Mother of None
My womb is too empty for
Your fatherly hands
I am heavy
I am full
I look in the mirror muttering
“mother, mother, mother”
It does not suit my face.
I just spent $5,000 on a trip to Europe to purge myself of the dampness that has seeped into my skin; A common cold has attached itself to my lungs and it won’t let go. I am up at 5 am to work for that perfect body, to work, pull, push, against the throbbing.
I can calmly say that today I did not repeatedly set myself on fire. I did not torch the hair on my head to spite my mother. I did not bleed openly in front of coworkers for the attention. Instead I slipped into a skin. One that suits me, but hides the callous sea witch underneath.
I am in bed by 8:30 touching my thighs, touching themselves. Before I fall asleep I picture myself as an immortal entity, floating through space, glittering, shining, never dying and thinking of a day when I will feel free from the seduction of wanting to be perfect.
Sylvia and I
I have seen her face in clouds mottled and screaming. Dry and cracked. Deemed worthless and stuffy. Pretentious. Sylvia talks to me in dreams. She’s encouraging, but seems to choke. A glutton with words. Why does she keep all the good prose for herself?
We have pulled the guns and shot our own feet, stumbling back into the house staring at the trail of blood hoping that if we don’t clean it up it will act as inspiration later. I sit and I write with a gun to my head, hands shaking lungs lurching inside my chest brain constantly revving throwing up words that sound the same. I throw my weight behind myself and push so fucking hard but I don’t budge. I just stand there, eating ice cream cones as big as my head; slowly decaying into adulthood. I have the urge to trip myself, just to see if I would get back up.

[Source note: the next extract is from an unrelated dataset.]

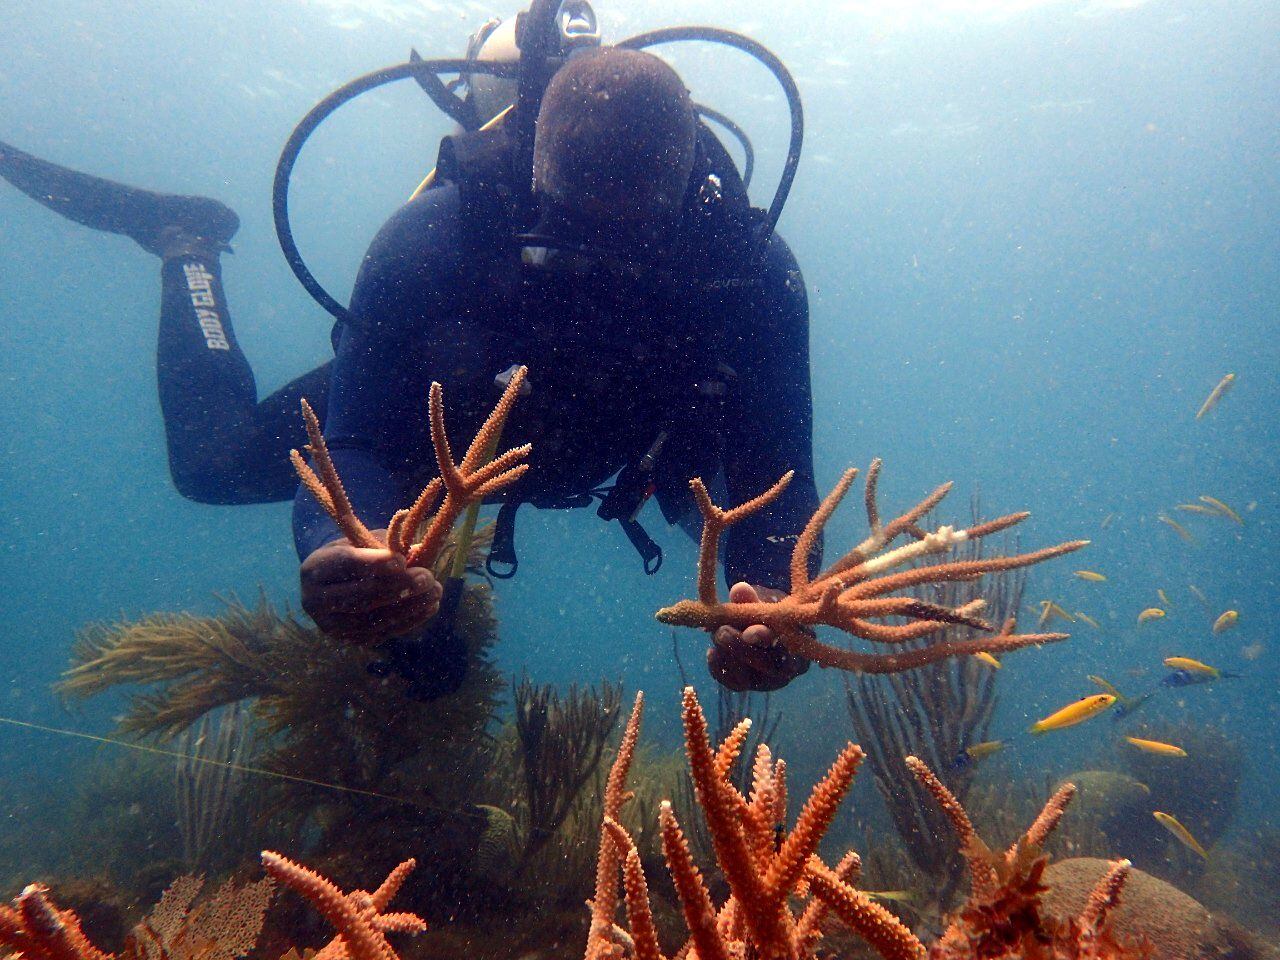 Una de las estrategias de conservación de arrecifes coralinos es el buceo responsable, una práctica que permite identificar posibles problemas de salud de estos ecosistemas.

Hey writer, hey poet. Next time shoot the ground, maybe you will get more inspiration from that. I look at myself in the mirror and chant “writer, writer, writer” “poet, poet, poet" And then I laugh.
I want to be famous
Spread my legs open for the world.
Pour myself a cup of coffee and watch
As the people stroll by. They are hungry
Mouths hanging open, sweat on their brows. They need more,
They always need more. I am actively searching for a spotlight
To stand in. For a stage to defile. On bended knee behind the curtain I pray
To the man who made me this way.
I flit in and out of rooms, clutching hands
And shaking sweaty palms. I am open. I am gaping. But the wound is self
Inflicted. I want nothing more than to be seen. Admired. To quiver in the line of sight
Of my neighbors
Friends and strangers. Hoist my body up onto
That pedestal. Place me in a dancer's pose. I am a tree. My veins are filled with chlorophyll.
I get my corruptions from the light.